Larhantec completed a calvary for this church near Morlaix' viaduct bridge in the parish of Notre Dame du Mur.

===The Calvary at Guipavas===
Attached to Guipavas' Église Saint-Pierre-et-Saint-Paul, this Larhantec Calvary dates to 1883 and is nine metres in height.

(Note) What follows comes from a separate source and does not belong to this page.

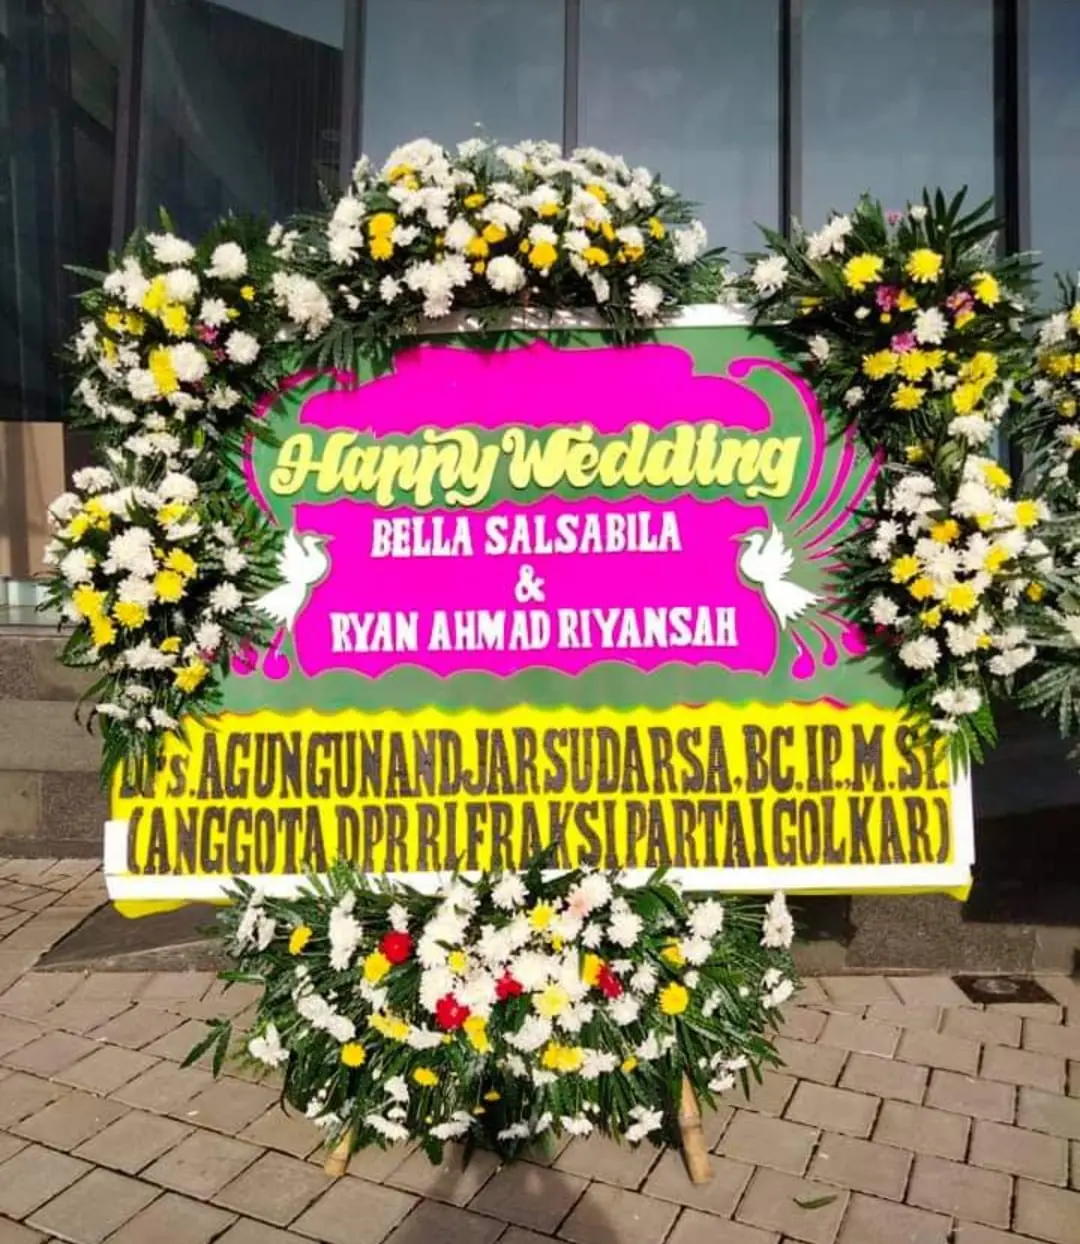  Terima Pesanan Bunga Papan Anniversary  di Darma Kuningan Jawa Barat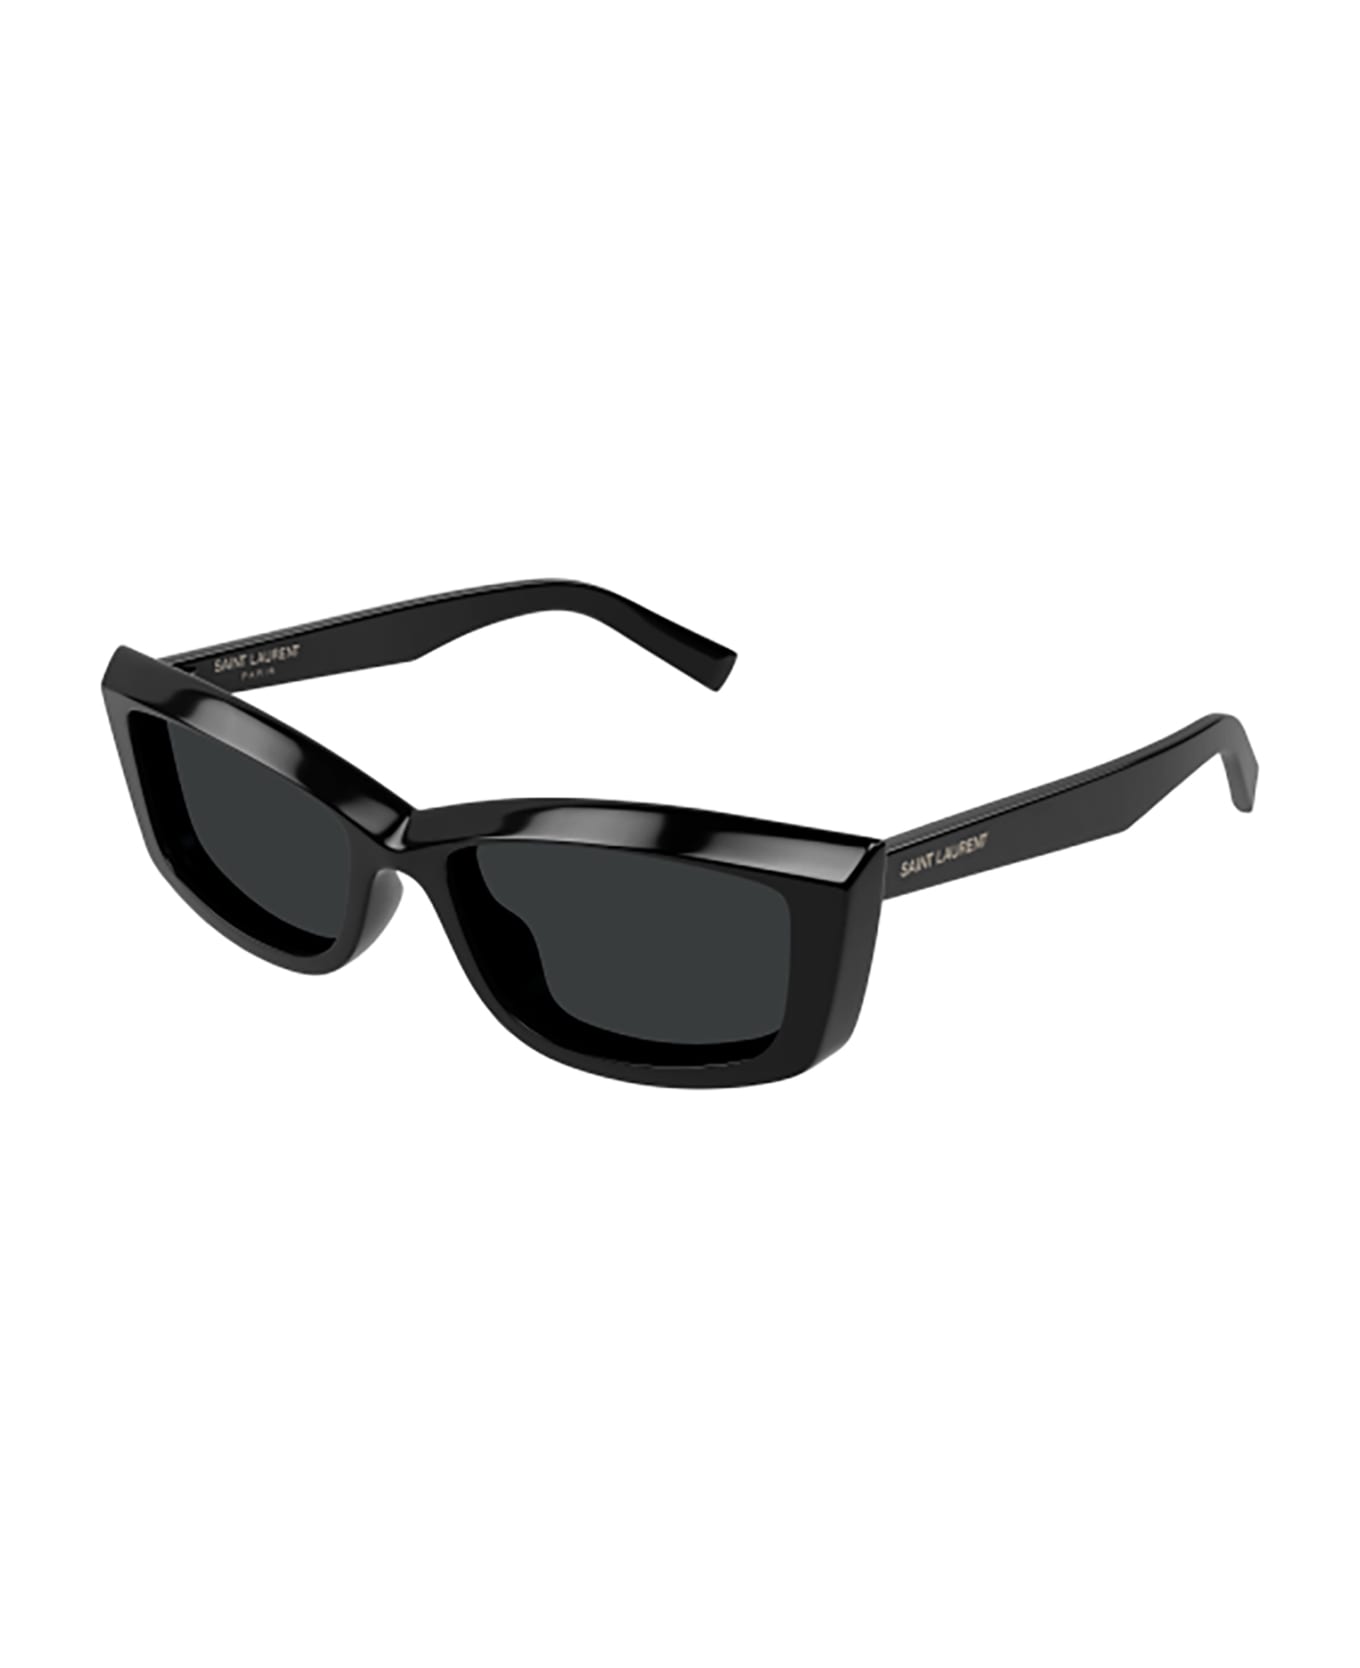 Saint Laurent Eyewear SL 658 Sunglasses - Black Black Black サングラス

==Other works by Larhantec==
Larhartec worked on the "Calvaire de l'église"'s at Guimaëc, Guipavas and Locquirec, the "Calvaire du cimetière"'s at Landivisiau and Plougourvest, a statue on Plouzané's fontaine Saint-Sané and a "Croix du cimetière" in Sainte-Sève. The "Calvaire du Luzec" at Saint-Thégonnec has also been attributed to Larhartec.

==="Tombeau de prêtre"===
Larhantec sculpted this figure of a praying priest in Clohars-Carnoët's cemetery. It decorates the grave of Jean-Marie Drogou, a Clohars-Carnoët rector.
Larhantec carried out another two sculptures of priests at prayer and these can be seen in Quimperlé's Saint-David cemetery.

===The calvary at Plouguerneau===
This 9 metre Calvary was created by Larhantec to mark the "mission" of 1881. Marie-Madeleine is placed at the bottom of the Cross and in tears. One of the inscriptions on the Calvary reads
"Souvenir de la mission de 1881 et du Jubilé.
3 Pater 3 Ave 40 jours d’indulgence"

===The Calvary at Kerlouan===
This 7 m Calvary dates to 1872 and is located in the old cemetery attached to Kerlouan's Sainte-Anne's chapel.